- Country: Australia
- Location: 15 km west of Port Augusta on the Eyre Highway at Lincoln Gap, Eyre Peninsula, South Australia
- Coordinates: 32°37′08″S 137°34′48″E﻿ / ﻿32.619°S 137.580°E
- Status: Under construction
- Construction began: 2017
- Commission date: Expected mid-2019
- Construction cost: A$300M (stage 1) A$170M (stage 2)
- Owner: Nexif Energy Australia

Wind farm
- Type: Onshore
- Hub height: 110 metres (361 ft)
- Rotor diameter: 136 metres (446 ft) 140 metres (459 ft)
- Rated wind speed: 11 m/s (36 ft/s);

Power generation
- Nameplate capacity: 212 MW
- Capacity factor: 43%
- Annual net output: 800 GW·h
- Storage capacity: 10 MW·h

External links
- Website: lincolngapwindfarm.com.au

= Lincoln Gap Wind Farm =

Wind farm in South Australia

The Lincoln Gap Wind Farm is a wind farm in the vicinity of Lincoln Gap on northeastern Eyre Peninsula in South Australia, Australia. It consists of 59 wind turbines and generates a total of 212 MW of electricity. Construction began in late 2017 and was initially expected to be commissioned in late 2018. Construction was delayed in July 2018 when unexploded ordnance was discovered on the site, left from historic military testing. The site is not far from the Cultana Training Area.

Following Senvion's European parent company commencing insolvency proceedings, Vestas was engaged to provide maintenance services for the 126 MW first stage, and the 24 3.6 MW turbines for the second stage. The 212 MW wind farm reached full generation capacity in late April 2022.

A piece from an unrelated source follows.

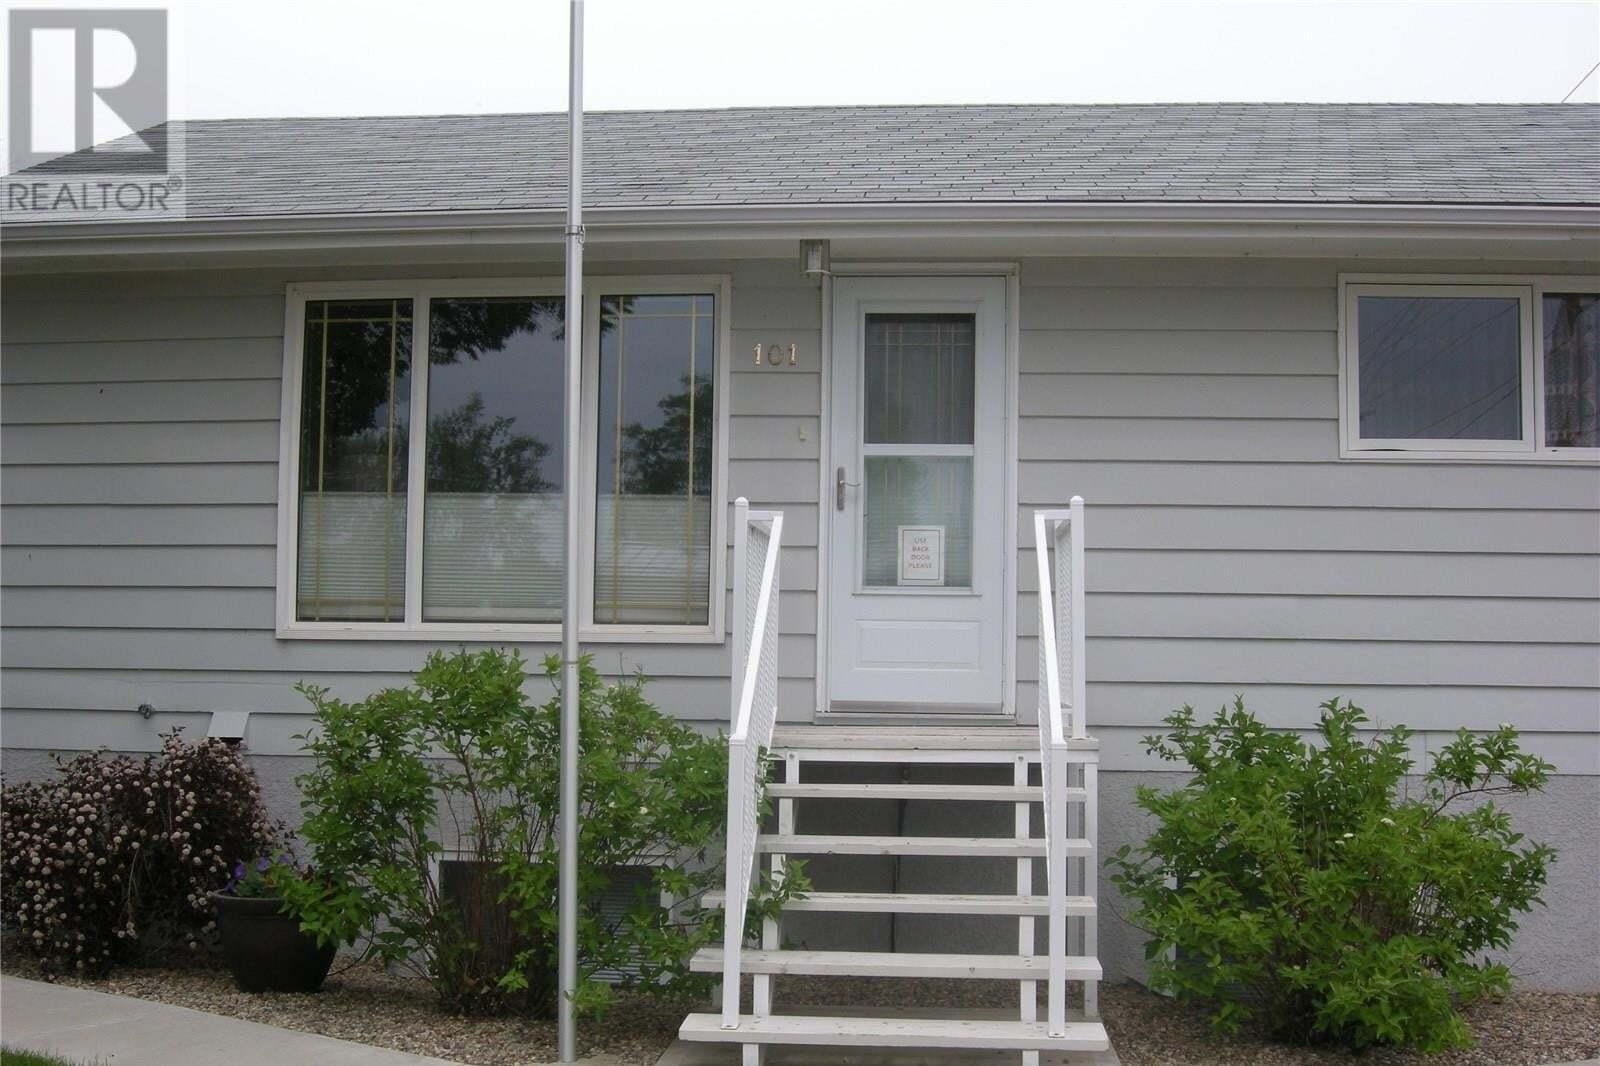 House for sale at 101 Aspen St Maple Creek Saskatchewan - MLS: SK813548

==Construction and commissioning==
The wind farm was constructed by Senvion in two stages. The first stage was 35 turbines. In December 2018, it was expected to be operational by July 2019. Stage Two for the final 24 turbines received financial approval from Nexif Energy in December 2018. A 10 MW / 10 MW·h battery was expected to be completed in May 2019 by Fluence, with a proposal to later upgrade it to 30 MW. The output is contracted to retailer ERM Power. Some of the towers and turbines were erected using a tower crane similar to what is used to construct high-rise buildings.

The wind farm substation was connected to the national electricity grid on 25 February 2019. The energy storage battery was expected to be installed by the end of May 2019, with wind turbines commissioned from August 2019. The first turbine exported electricity to the grid in the last few days of April 2019.

It was reported in October 2020 that construction of Stage 2 had begun, at a cost of A$170m. It was completed and reached full operation (without the battery) in late April 2022.